Sermons

Summary: Who was Melchizedek? And how does he relate to Jesus?

I wonder if anyone can tell me what is the Old Testament passage most frequently quoted in the New Testament…

You might think it’s something like Leviticus 19:18, “You shall love your neighbour as yourself.” If you’re really into the writings of the minor prophets, you might come up with an obscure verse like Habakkuk 2:4, “The just shall live by faith.”

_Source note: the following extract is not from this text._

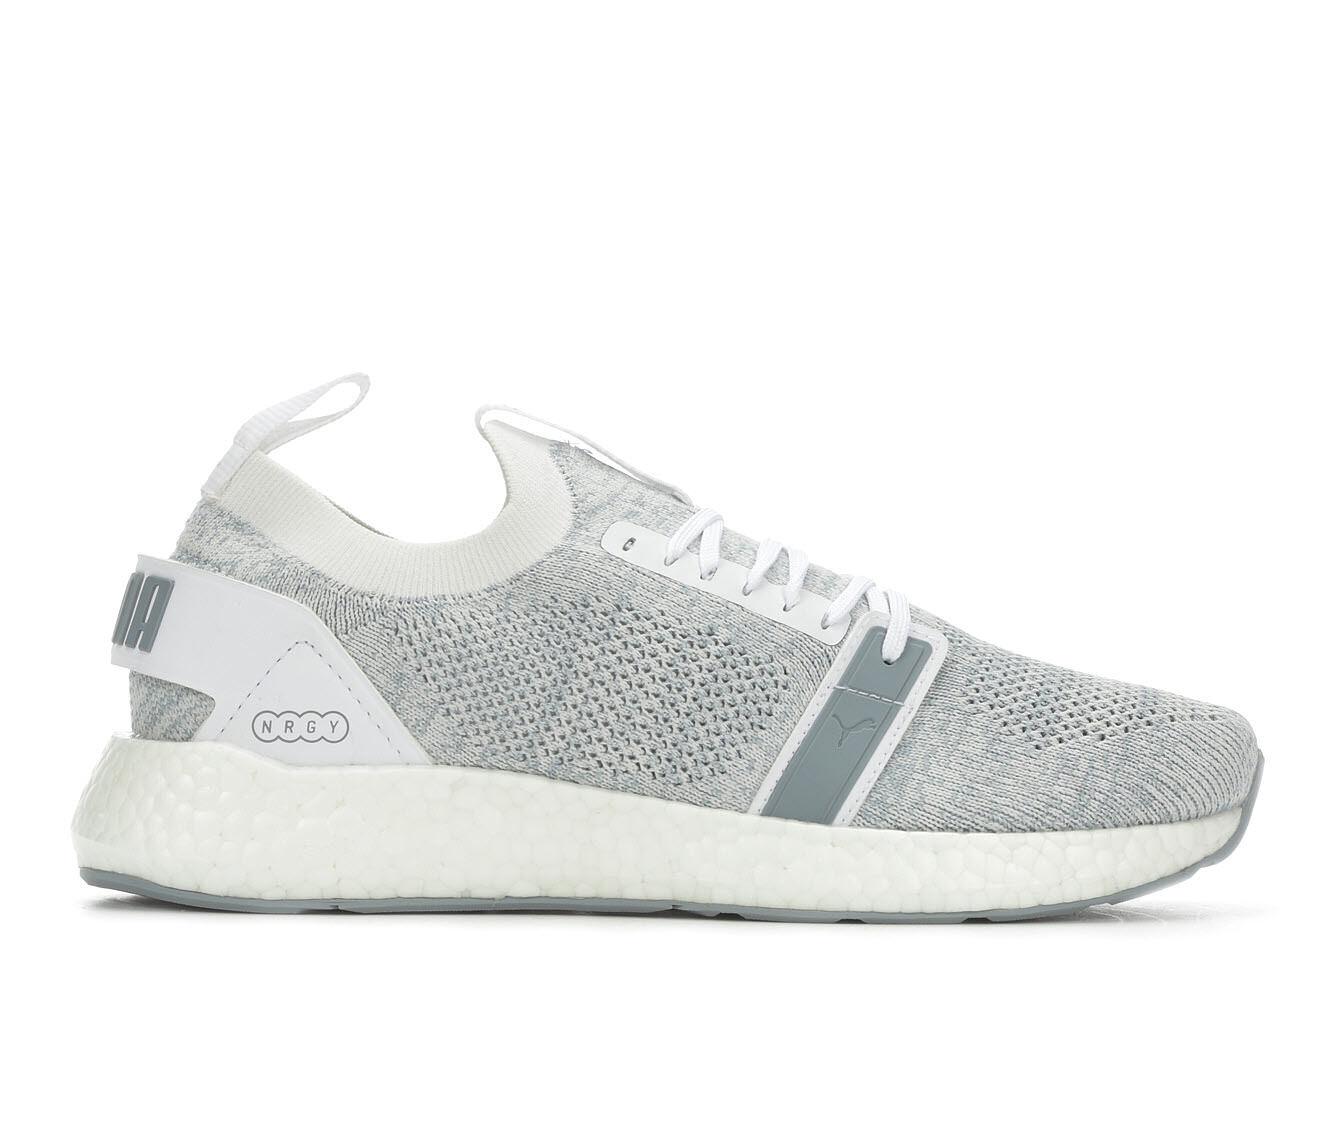 407d2bdcd224f8 ... buy puma nrgy neko engineer slip on sneakers. previous 05e08 6bcb9

Depending on how you do your calculation, there are something in the range of three hundred quotations from the Old Testament that can be found in the New. But the quotation that tops them all is from Psalm 110, verses 1 and 4, which run like this:

The LORD says to my Lord:

‘Sit at my right hand,

until I make your enemies your footstool.’ …

The Lord has sworn

and will not change his mind,

‘You are a priest forever

after the order of Melchizedek.’

The first place we find these words is in each of the first three gospels. They come up in the course of one of those nitpicking encounters between Jesus and the religious authorities. We hear them, not on the lips of Jesus, but from his opponents. They use them to try to debunk what people are beginning to say about Jesus: that he is the promised Messiah. Clearly, they recognized these verses as a messianic prophecy.

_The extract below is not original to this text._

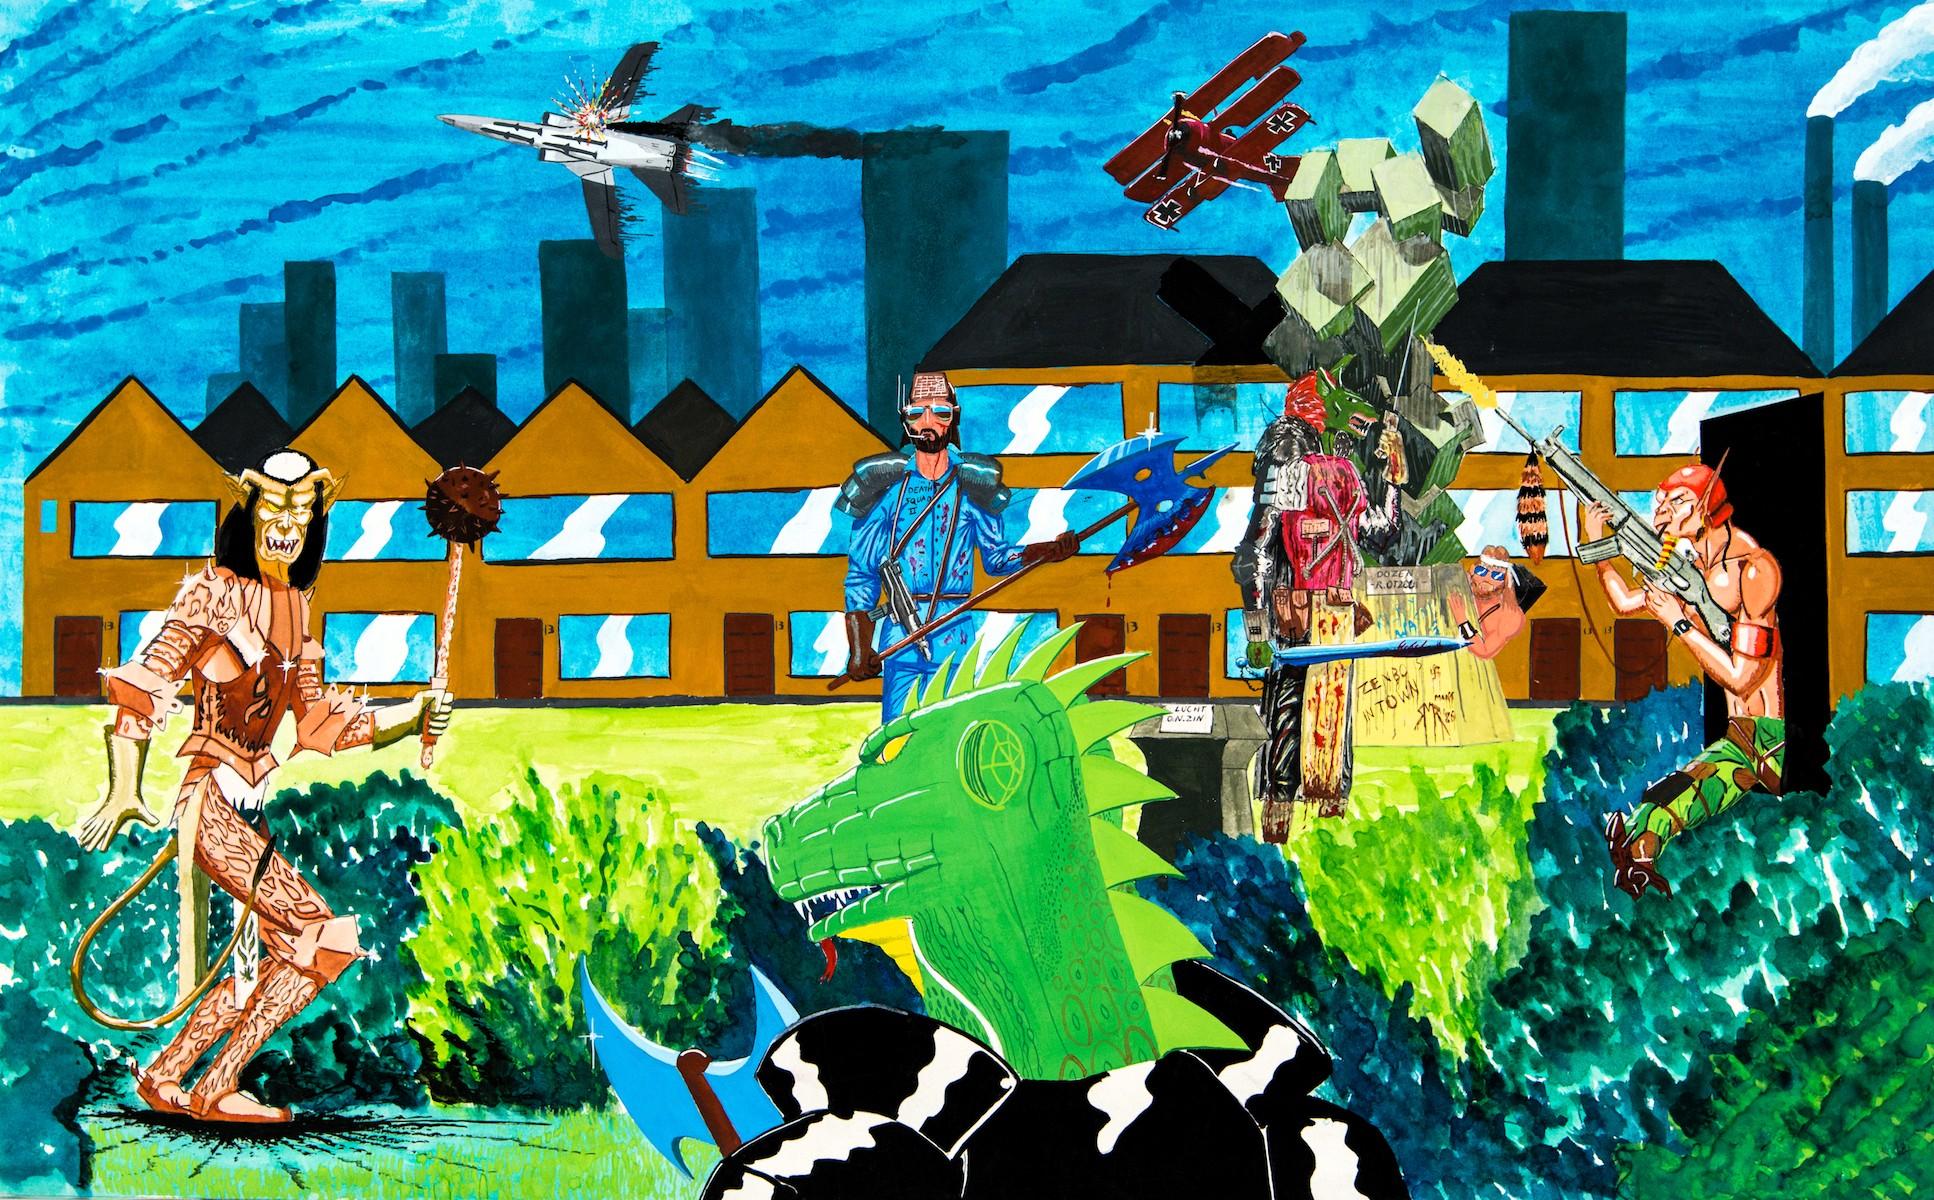 Eindwerkstuk 'De verlaten stad'

The next time we come across them is when they are quoted by Peter. They are to be found in the middle of his sermon on the day of Pentecost. He was addressing the large crowd who had gathered in the street when they heard Jesus’ followers praising God in what they recognized as their own languages. And after citing these same verses, Peter proclaimed, “Let all the house of Israel know for certain that God has made this Jesus whom you crucified both Lord and Messiah.” (Acts 2:34-36)

This in turn brings us to the Letter to the Hebrews, which we have been following now since the beginning of the year. So I will forgive you if you don’t remember way back in chapter 1, where this text is quoted once again. There, pointing to Jesus, the author asks the question, “To which of the angels has God ever said, ‘Sit at my right hand until I make your enemies a footstool for your feet’”? (Hebrews 1:13)

Finally we come to the verse immediately preceding the passage before us this morning: Hebrews 6:20. There the author writes of Jesus as “having become a high priest forever after the order of Melchizedek”.

When I was scratching my head early last week trying to come up with a title for this sermon, I thought of calling it “Who the heck was Melchizedek?” And perhaps that’s exactly the question you’re asking yourself right now! Well, the answer comes in the three verses which make up this morning’s passage from Hebrews.

The author takes us far back into the mists of history—in fact, to chapter 14 in the book of Genesis. Now here’s the scene: The rulers of Sodom and Gomorrah had been trounced in battle by the rulers of some of the neighbouring settlements. Among those whom they took as captives was Abraham’s nephew Lot. When Abraham found out about it, he pulled together his armed men and staged an overnight raid on the two rulers and their forces. The result was that Lot was made a free man once again and Abraham forged a treaty with the ruler of Sodom. And that is where Melchizedek enters the scene.

He appears to come to Abraham out of nowhere. He is the king of Salem (later to become Jerusalem) and the scene takes place in the nearby Valley of Shaveh. Melchizedek brings with him bread and wine and pronounces a blessing on Abraham. In response, Abraham returns to him a tenth of all his possessions. Then, as mysteriously as he appeared, Melchizedek disappears into the mists of time.

Now I have to say that this scene is one of a few in the Old Testament that never fail to bring shivers down my spine. It is up there with the three mysterious visitors who later came out of the blue to visit Abraham as he stood at the entry of his tent. And with the fourth man who stood amid the flames with Shadrach, Meshach and Abednego inside King Nebuchadnezzar’s fiery furnace. I ask myself: Could it be that what those men witnessed—and what Abraham witnessed that day in the Valley of Shaveh—was a foreshadowing of the eternal Word, Jesus, who was with God and who was God from the beginning? I’ll leave it to you to come to your own conclusion.

King of righteousness

But back to Melchizedek. Our passage this morning tells us three things about him. The first is a translation of his name. It is a combination of the two Hebrew words melek, which means “king”, and tsedeq, which means “righteousness”. Put them together and Melchizedek’s name means “king of righteousness”—and as such he points directly to Jesus.